# WTB 4x4 Quad



## sefh (Oct 18, 2005)

I posted this in the for sale forum also. I'm looking to buy a quad in the $1000-2000 price range, It doesn't need to be fancy. I'm looking to use it around the house, but if you have one for sale with a blade or winch that would be great. PM if you have anything. I would like it to be in S/E MI or northern Ohio. Let me know what you have.


----------



## EaTmYtAiLpIpEs (Aug 23, 2007)

check craigslist I paid $1800 for mine that is in my signature


----------



## sublime68charge (Dec 28, 2007)

EaTmYtAiLpIpEs;684980 said:


> check craigslist I paid $1800 for mine that is in my signature


what he said or any other local message boards in your area,
this time a year though your gonna pay big $$$$ for any type of 4x4 ATV and more if it has a Plow.

Heck I watch the local CL add's all the time and as winter set's in the price's go up. 
start getting some good snow fall's and prices go up some more.

though if your watchfull deals can be found.
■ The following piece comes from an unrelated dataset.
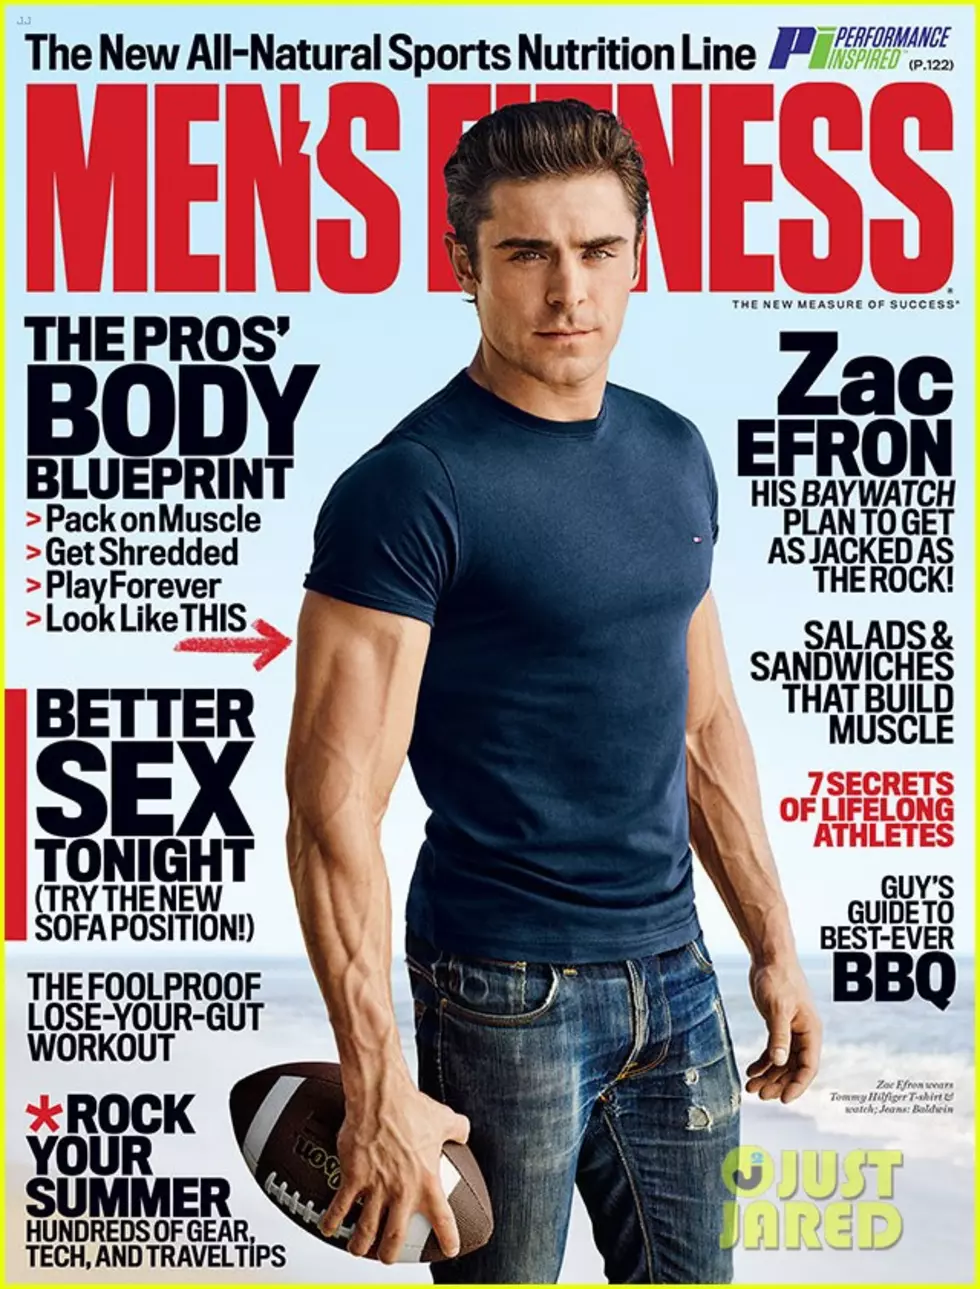 Zac Efron Admits He Wants to Kick His Own Ass Sometimes

I just saw a listing for an 03 honda Foreman for $2850 nice low mile one owner machine and by right is should get about $3500. but the owner want's it out of his garage. I wish i had the money for it.

sublime out.

good luck in your quest.


----------



## sefh (Oct 18, 2005)

I have been checking Craigslist and everyone wants $3500 around here for their machines.


----------



## sefh (Oct 18, 2005)

Still looking for something.


----------



## EaTmYtAiLpIpEs (Aug 23, 2007)

I just paid $1000 for this one on craigslist. it is a 2000 arctic cat 500 auto 4x4 with only 1093 miles on it.


----------



## sefh (Oct 18, 2005)

Yeah I seen that. Wished it was closer to me. That's what I'm looking for!!!!!!!!!!


----------



## EaTmYtAiLpIpEs (Aug 23, 2007)

sefh;726979 said:


> Yeah I seen that. Wished it was closer to me. That's what I'm looking for!!!!!!!!!!


ya the owner said it need some brake work. well when I loaded it up on my trailer the brakes didnt work at all. I took it home and seent he brake fluid was bone dry. I filled it and pumped them up I got a little brake. I am gonna bleed the brakes. my guess is thats the problem for sure. because the pads and rotors all the way around look real good.


----------



## sefh (Oct 18, 2005)

I would guess you have a crack or a hole in the system. Usually they don't loose fluid unless there is a leak. Nice buy on the machine though.


----------